Supplied material.
Start of Block

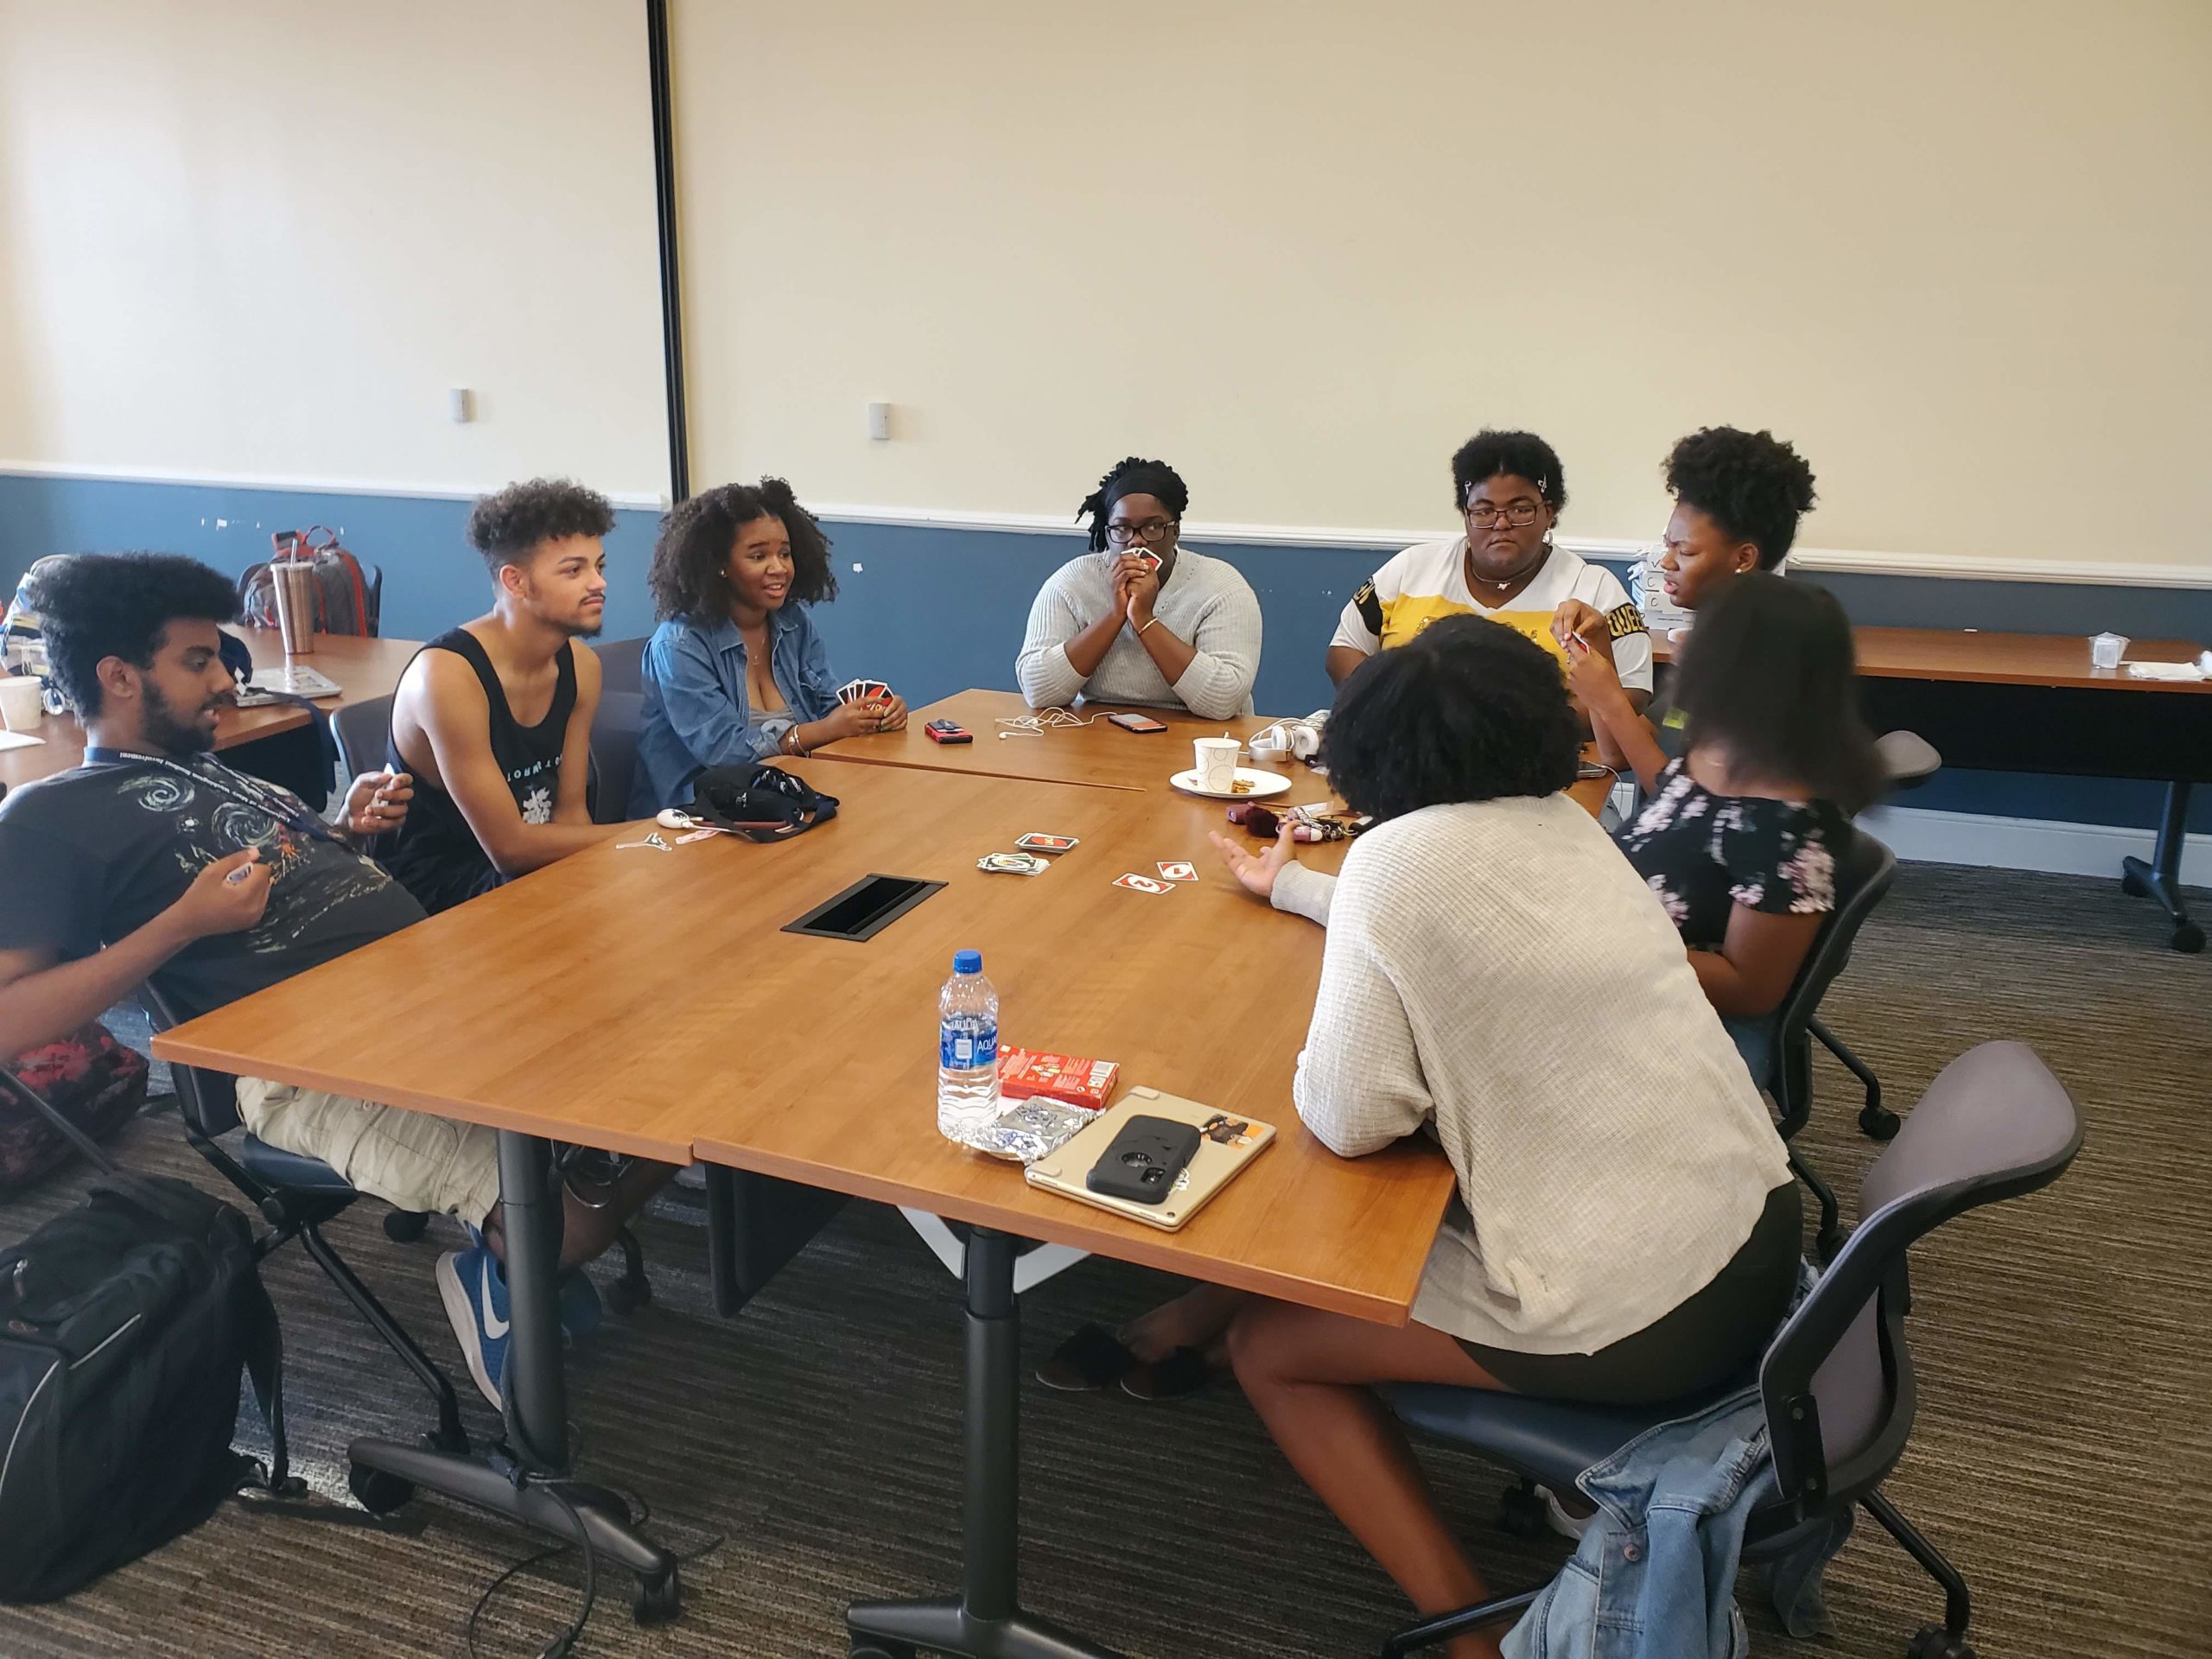 A group of students at a table playing UNO
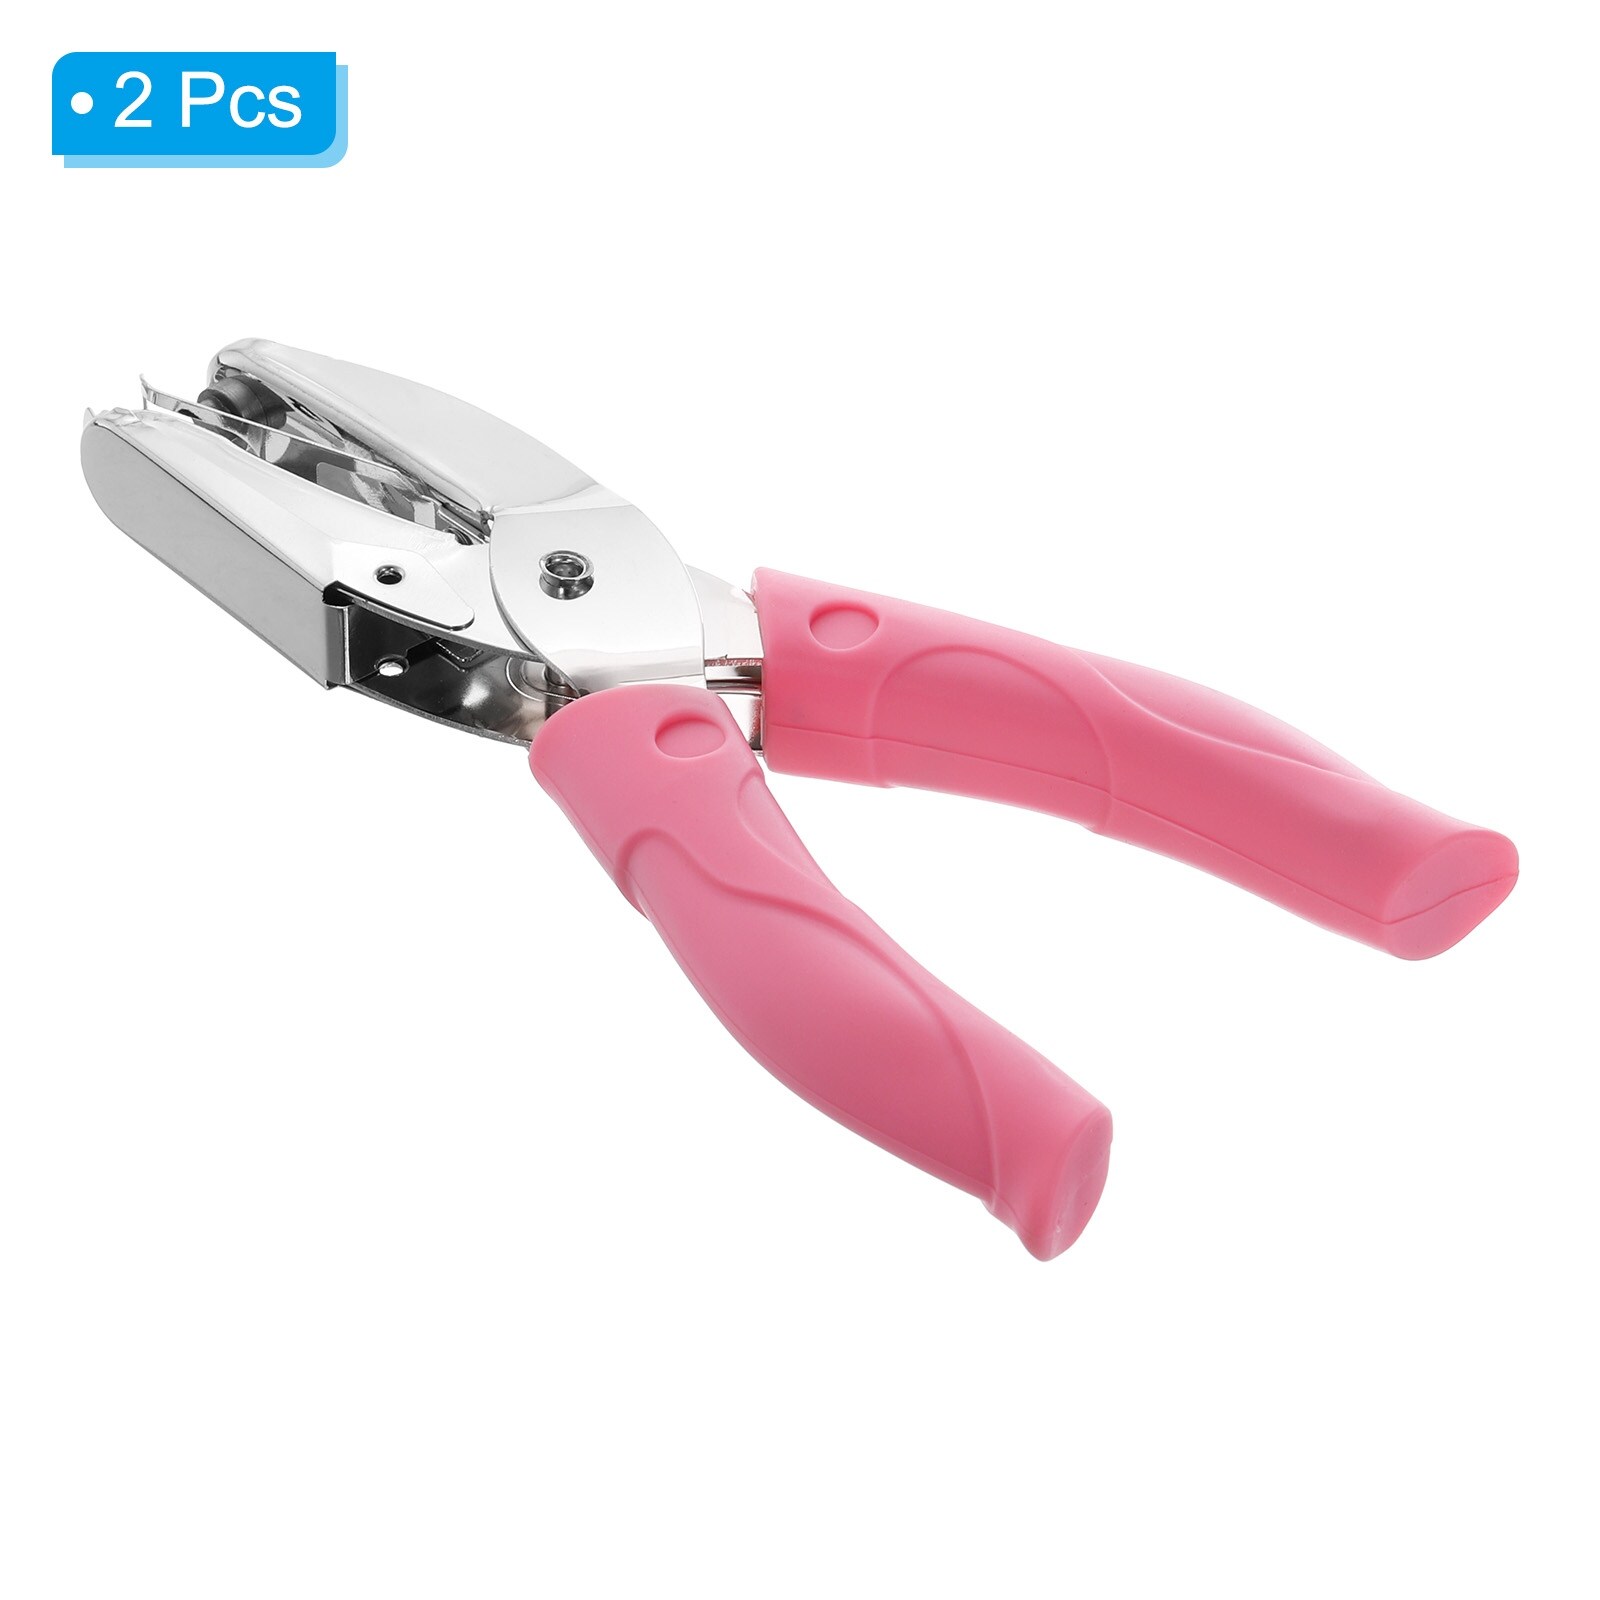 0.2 Single Hole Punch Handheld Hole Puncher with Soft Grip Square
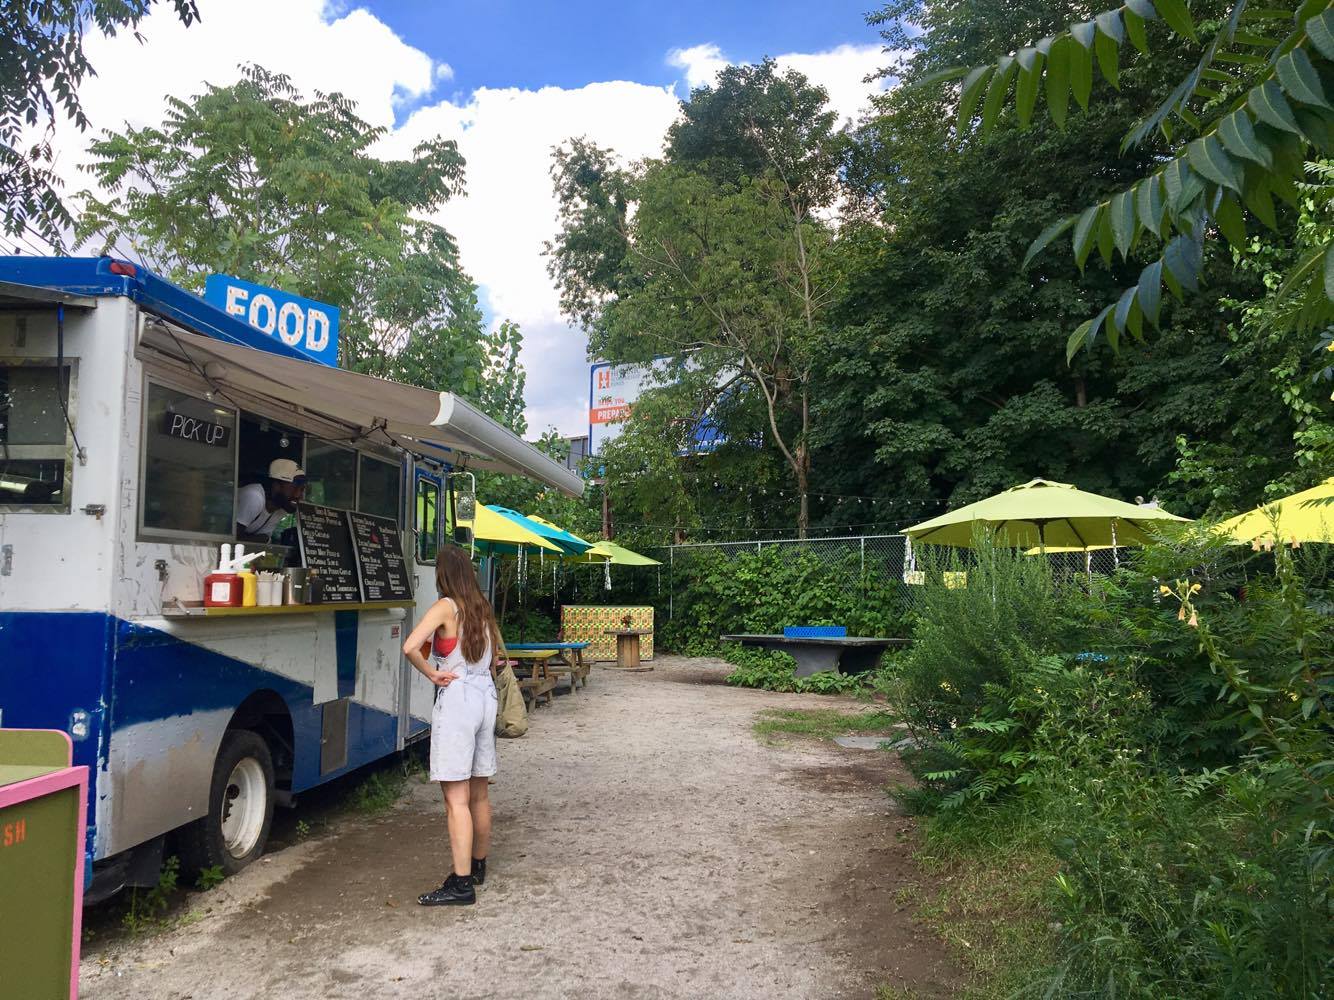 Food truck at Nowadays in Brooklyn, NY

End of Block

Exercise requirements. Without any of its images, the data above should be returned exactly.

Written solution.
 A group of students at a table playing UNO
 0.2 Single Hole Punch Handheld Hole Puncher with Soft Grip Square
 Food truck at Nowadays in Brooklyn, NY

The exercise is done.